Baba, Rumi and Padri
Faredoon Driver, nicknamed “Padri” by Meher Baba, was one of the earliest mandali, having met Baba in Poona in 1922. After Baba dropped His physical form, Padri continued to serve Him at Meherabad until his own death in 1982.
Padri didn’t speak much, but when he did, people listened. His distinctive way of speaking was precise and elegant, even his abuses(!). He could be straightforward or stern or very witty or profound. Regarding “straightforward,” I recall his habit of “training” some of us by pounding on the window at 5:30 a.m. every morning, shouting “Cha”—the word for tea—very loudly, which made one sit bolt upright out of deep sleep.
He could also be very funny: young visitors were “loonies” (a short form for “lunatics”) and young people who lived at Meherabad year-round were “savages.”
Padri standing in the door of his room, which also served as his homeo- |
Padri’s views could sometimes surprise you. I remember sitting next to him on a bench on the Main Bungalow verandah one day in the late 1970s. A troublesome and very strange pilgrim was walking by, and I muttered, “Now there goes a real loonie.” Padri immediately replied sternly, “You cannot set foot in Meherabad without lifetimes of service and longing.”

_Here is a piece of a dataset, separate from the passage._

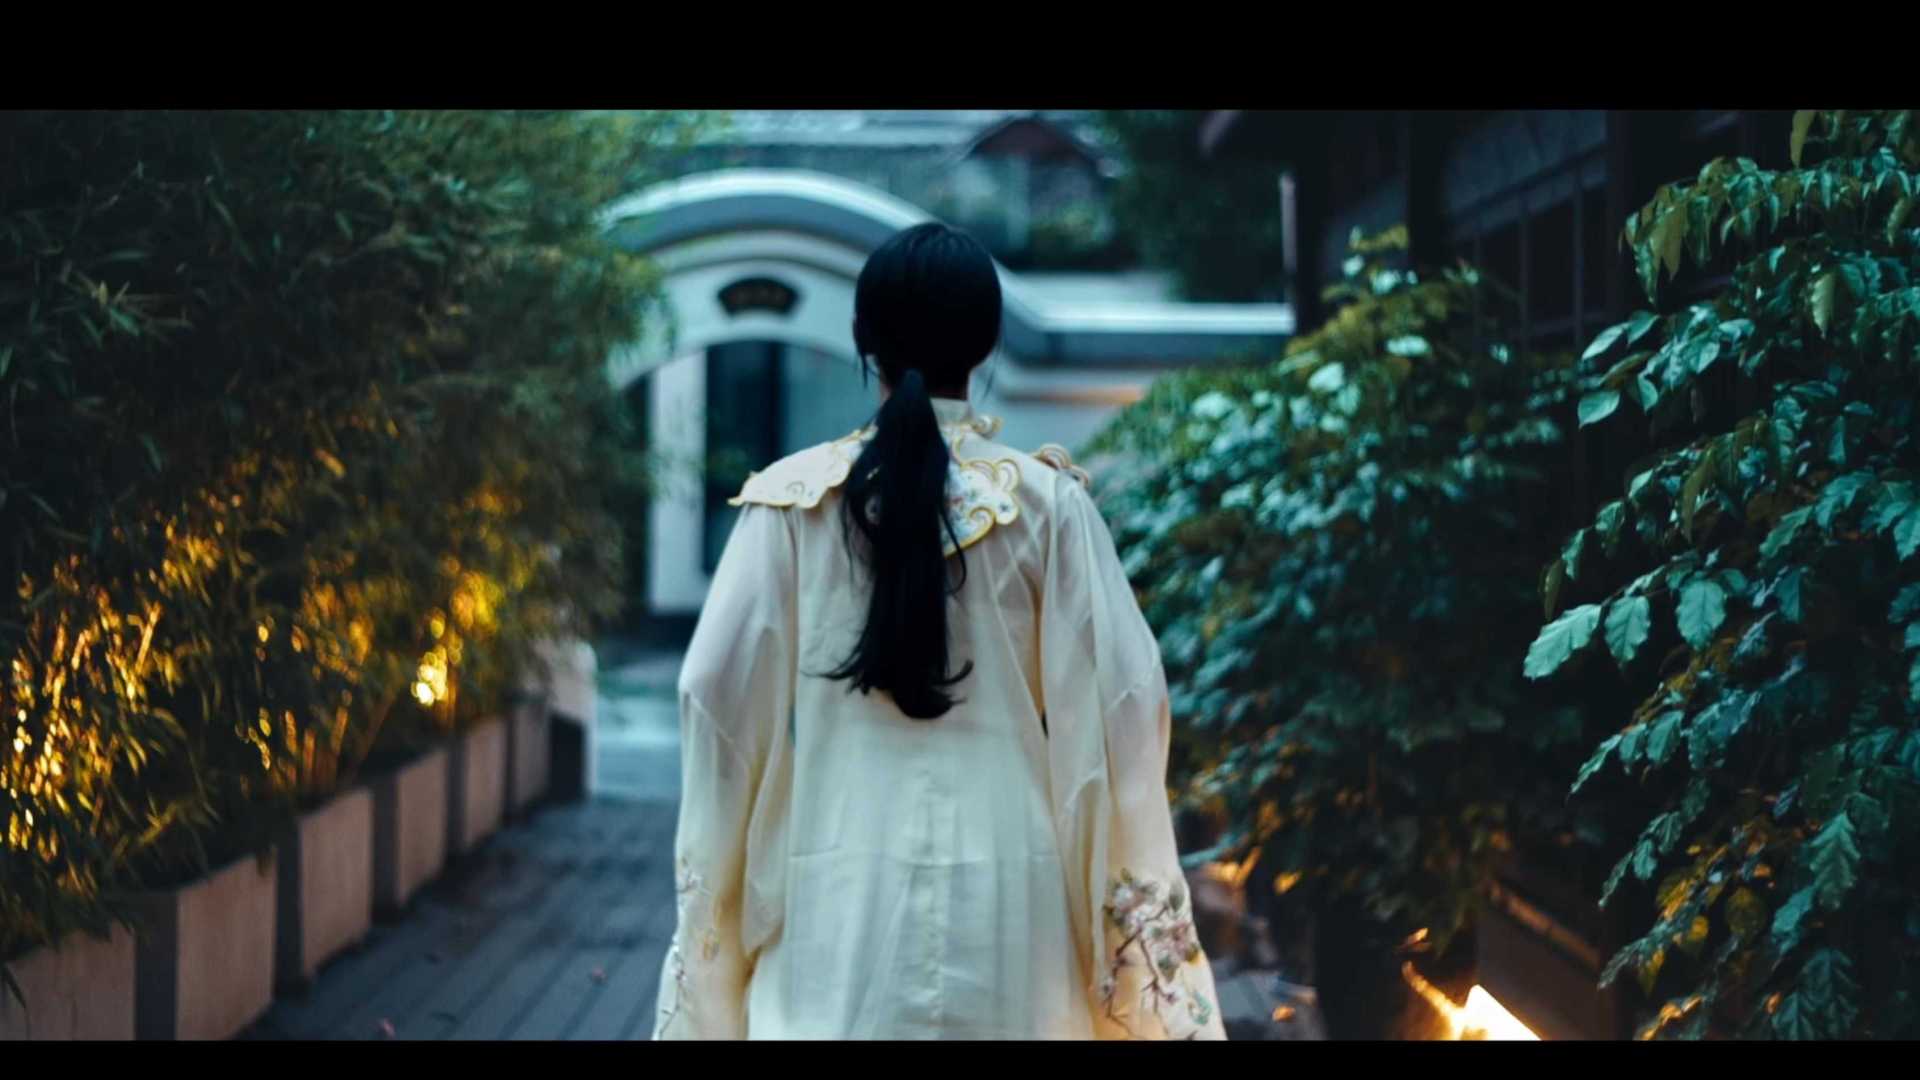 成都周边民宿探店广告短视频-青羊宫三生邸院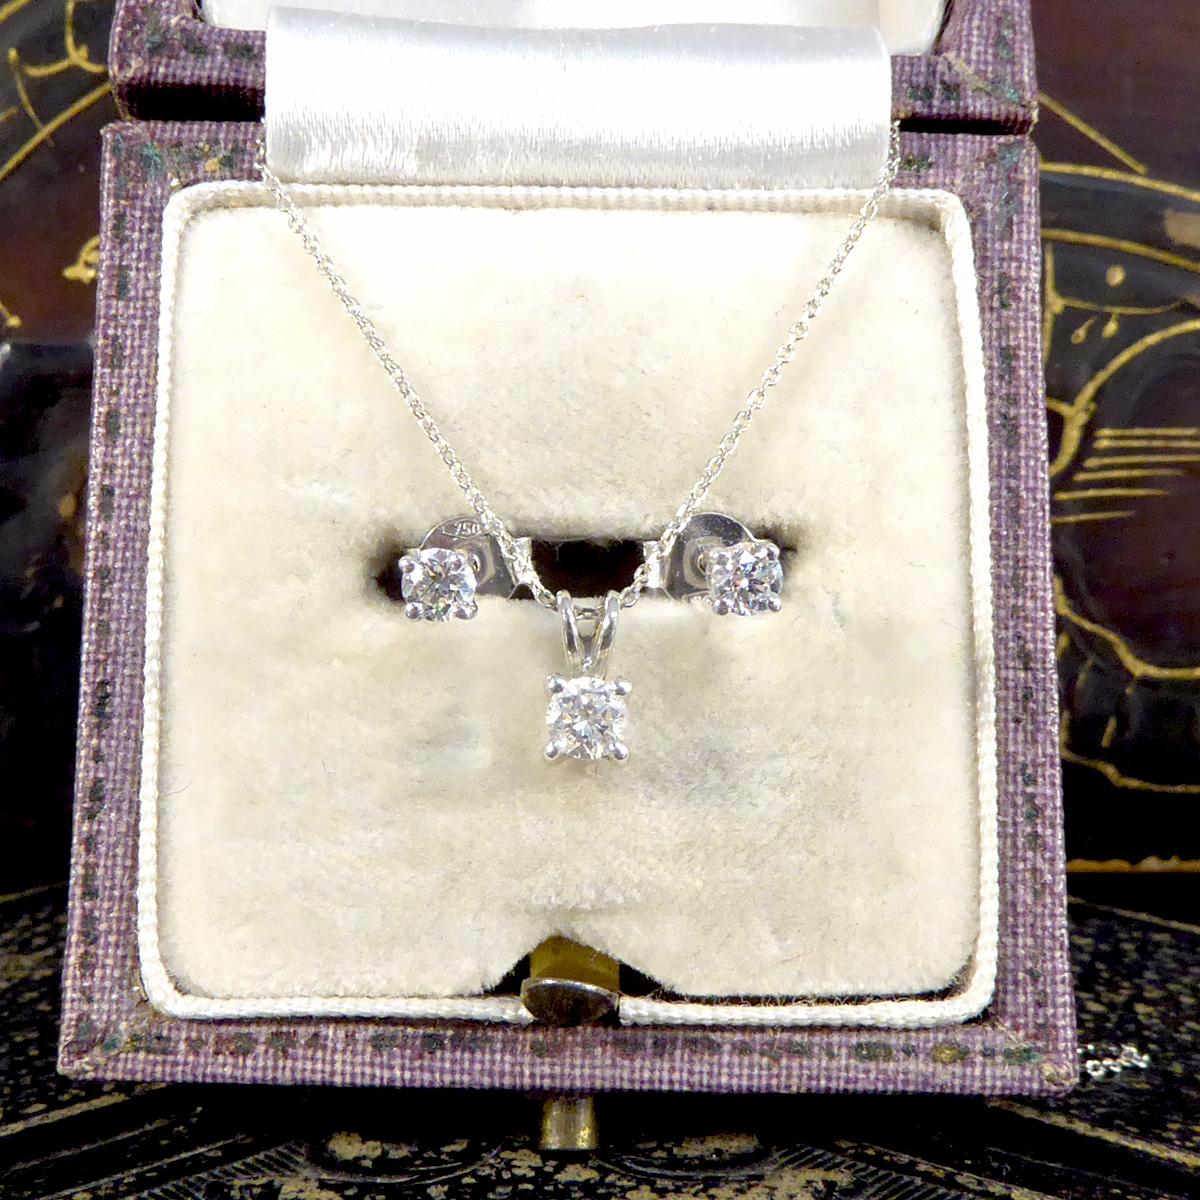 Une paire classique de boucles d'oreilles en diamant et un collier pendentif, le cadeau idéal pour tous ceux qui vous sont chers. Whiting est une paire de boucles d'oreilles composées de diamants d'une valeur totale de 0,25ct, montés sur une monture

Padri was a keen walker, with his long strides and love for the countryside. When he wasn’t riding his bicycle or his cherished, carefully maintained motorcycle, he often wandered by foot far and wide. He checked on the nearby village and farms, and always on Meherabad, from the progress of its ants, to the growing height of its trees, to its buildings young and old.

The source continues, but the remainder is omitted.